A large number of optimisations should now occur when reading the most-significant bytes of 32-bit memory blocks, among others.
Relevant logs and/or screenshots
A large number of files receive improvements - here's an example of aasmcpu (x86_64-win64) where a cascade of optimisations occur under -O4... before:
.Lj285:
...
# Register eax allocated
movl 8(%r14),%eax
shrl $24,%eax
andl $255,%eax
# Register rflags allocated
cmpb $4,%al
# Register al released
After
.Lj285:
...
# Register eax allocated
# Peephole Optimization: movl 8(%r14),%eax; shrl $24,%eax -> movzxbl 11(%r14),%eax (MovShr/Sar2Movx)

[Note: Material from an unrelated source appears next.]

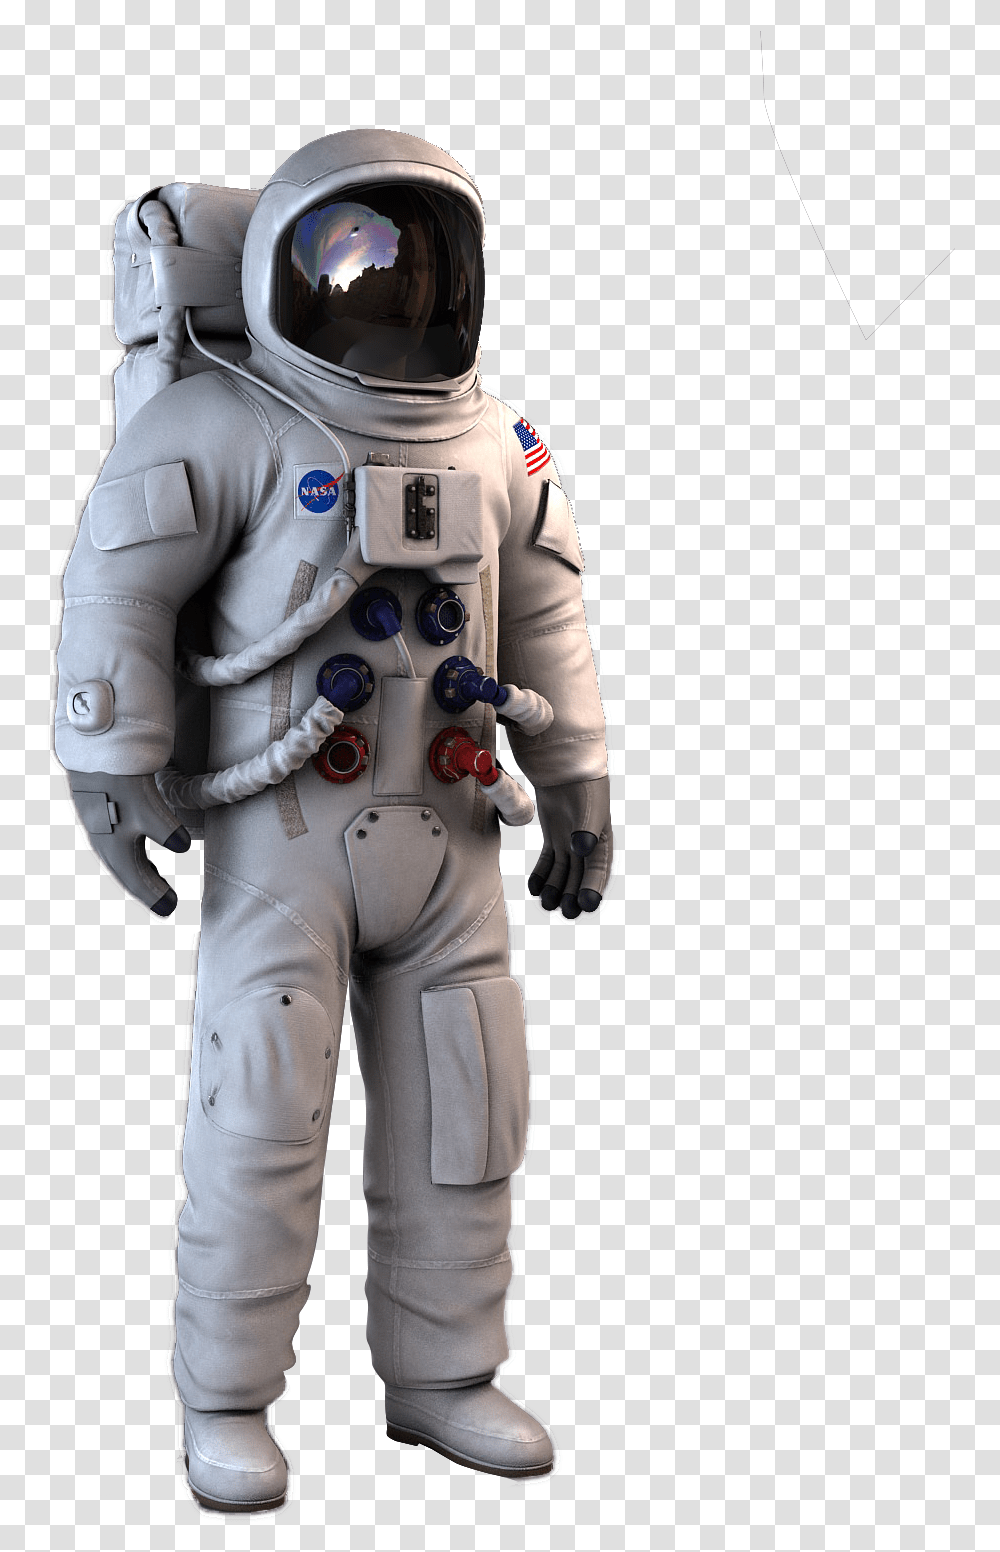 Nasa Astronaut Spacesuit 3 D White Protective Spacesuit Sokol Space Suit, Person, Human, Helmet, Clothing Transparent Png

# Peephole Optimization: MovzAnd2Movz1
movzbl 11(%r14),%eax
# Register rflags allocated
cmpb $4,%al
# Register al released
(The optimisations in OptPass2Movx should be improved in the future to detect that only the lowest byte of %eax is used, thus the MOVZBL instruction can be optimised to mov 11(%r14),%al, which can then be optimised further with the CMP instruction to just cmp $4,11(%r14))
Additional notes
There is a fair bit of crossover with the optimisations performed in !278 (merged).